Batch processing of colon tissue from chickens did not affect the median number of operational taxonomic units (OTUs) obtained from 16S rRNA amplicon sequencing
Following euthanasia of chickens at various time-points colon samples were aseptically sampled at post-mortem examination, homogenised and the microbial DNA extracted. The bacterial DNA was processed to give 16S rRNA amplicons and subjected to Illumina Miseq sequencing. We performed a pre-processing and quality check on the raw reads obtained from the Illumina Miseq platform, which removed about 20% of the sequences. All sequences were then normalized to 62,000 sequences per sample resulting in a total number of 4,094,860 OTUs with a median of 119,082.000 OTUs per sample in Experiment 1 (Batch 1), 5,970,048 of OTUs with a median of 156,783 OTUs per sample in H9N2 infected groups (Batch 2) and 8,313,621 of OTUs with a median of 173,833.5 per sample in control groups in Experiment 2 (Batch 3) (Additional file 1: Fig. S3). This raw data was then used in our described pipelines (“Material and methods” section) to analyse changes in the biodiversity of the chicken colon microbiota following H9N2 infection and whether chicken breed impacted these changes.

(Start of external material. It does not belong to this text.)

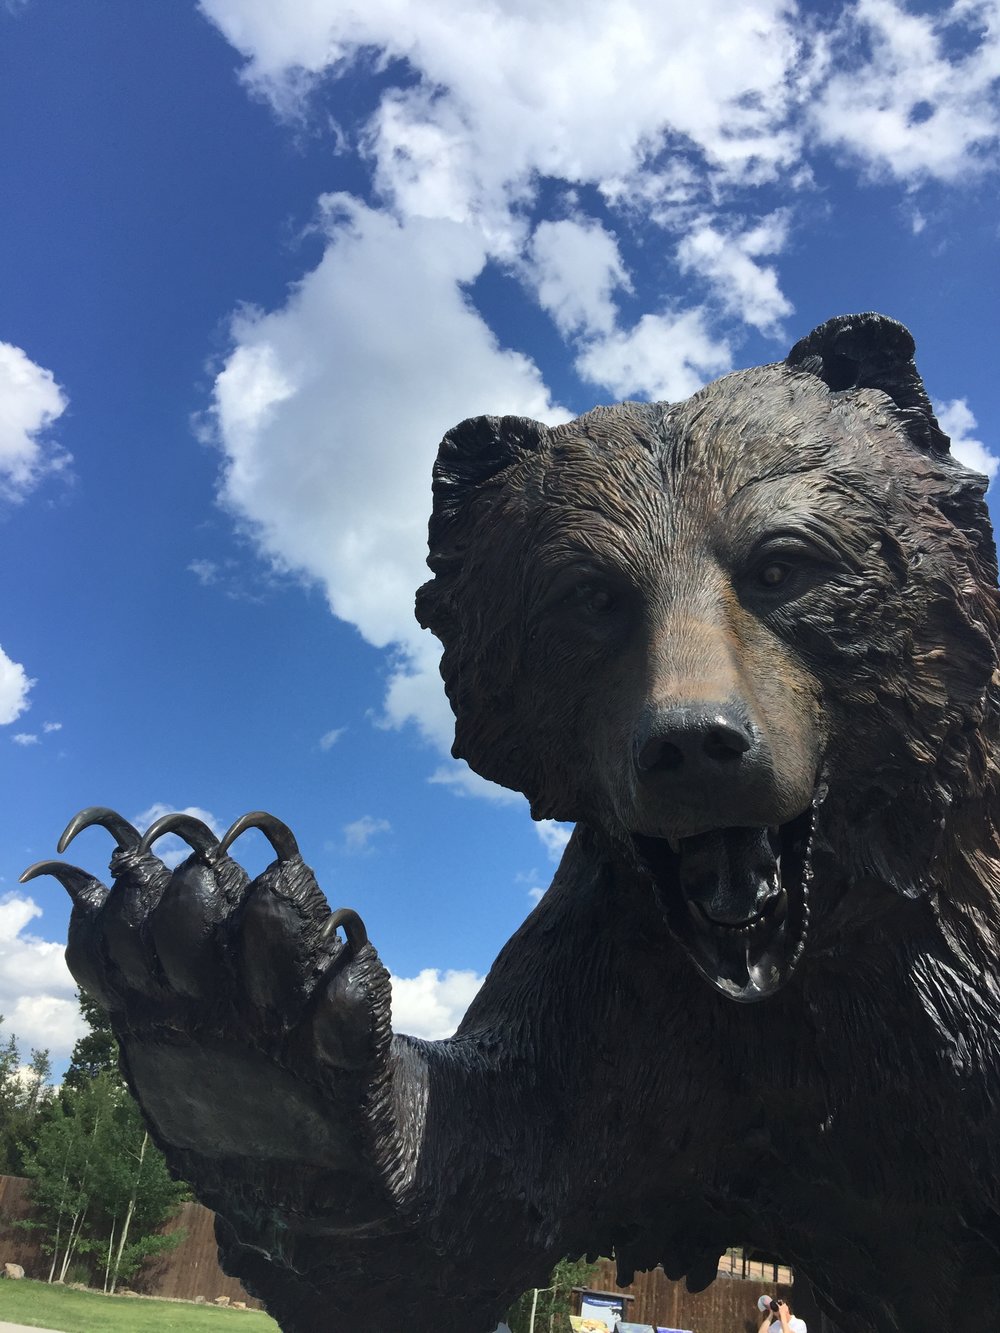  One of many beautiful life-sized animal sculptures in West Yellowstone.&nbsp; This one's at the Grizzly and Wolf Discovery Center. 
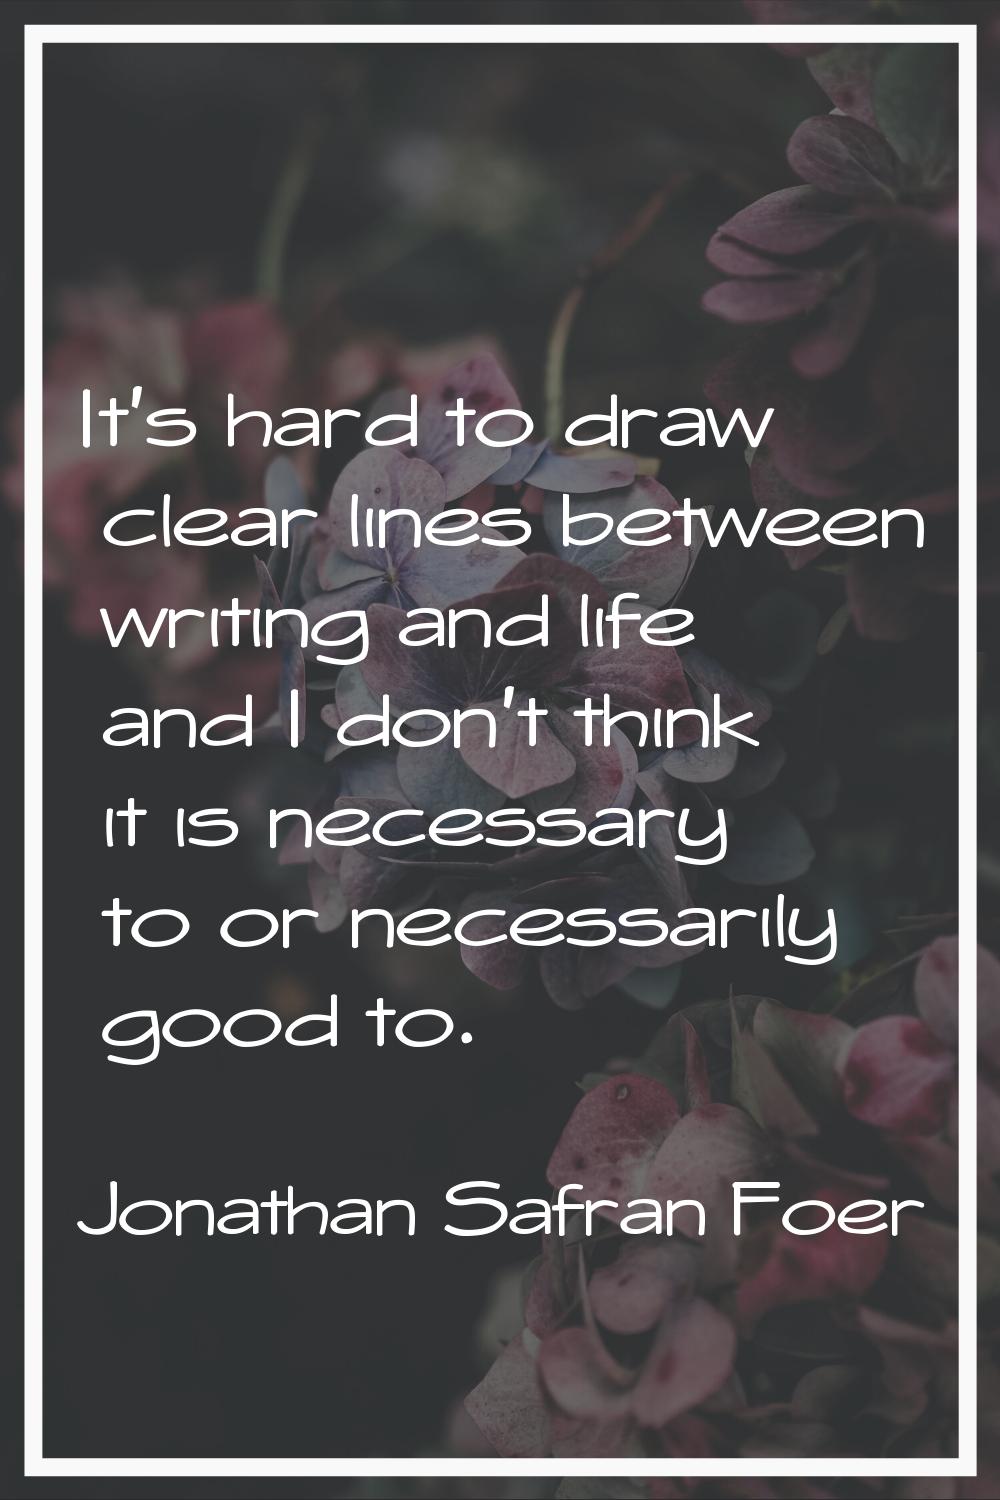 It's hard to draw clear lines between writing and life and I don't think it is necessary to or nece

Microbiota alpha diversity indices increased over time in healthy chicken colon
A temporal change in diversity measure, number of OTUs, phylogenetic diversity and Shannon diversity, were observed in control groups in both experiments (Figs. 2 and 3 and Additional file 1: Fig. S4). When RIR and VALO chicken colon microbiota composition was analysed weekly (Experiment 2), we identified that statistically significant changes in alpha diversity indices in control groups occur in the time frame of 14 days, especially between day 7 and day 21 of age, suggesting that a 2 weeks’ period was required to see significant maturity changes in healthy colon microbiota (Additional file 2: Table S1). Kruskal Wallis statistical testing showed a statistically significant temporal changes in number of OTUs (the number of bacterial species detected in a sample, species richness) between day 7 and day 21, day 7 and day 28 and day 7 and 32 of age in RIR chickens and between day 7 and day 21, day 7 and day 28 of age in VALO chickens (Additional file 2: Table S1). Similarly, phylogenetic significant changes were seen between day 7 and day 21, day 7 and day 28 and day 7 and 32 of age and day 14 and day 28 in RIR chickens And for VALO chicken between day 7 and day 21 of age (Additional file 2: Table S1). Shannon index, a measure of species distribution in a sample, significantly increased between day 7 and day 21 of age in both chicken breeds suggesting a more even community evolves over time (Additional file 2: Table S1). Spearman correlation coefficient (rs) between time and number of detected OTUs was 0.5968 (p < 0.0001) and time and phylogenetic diversity was 0.6544 (p < 0.0001) in control RIR and VALO groups.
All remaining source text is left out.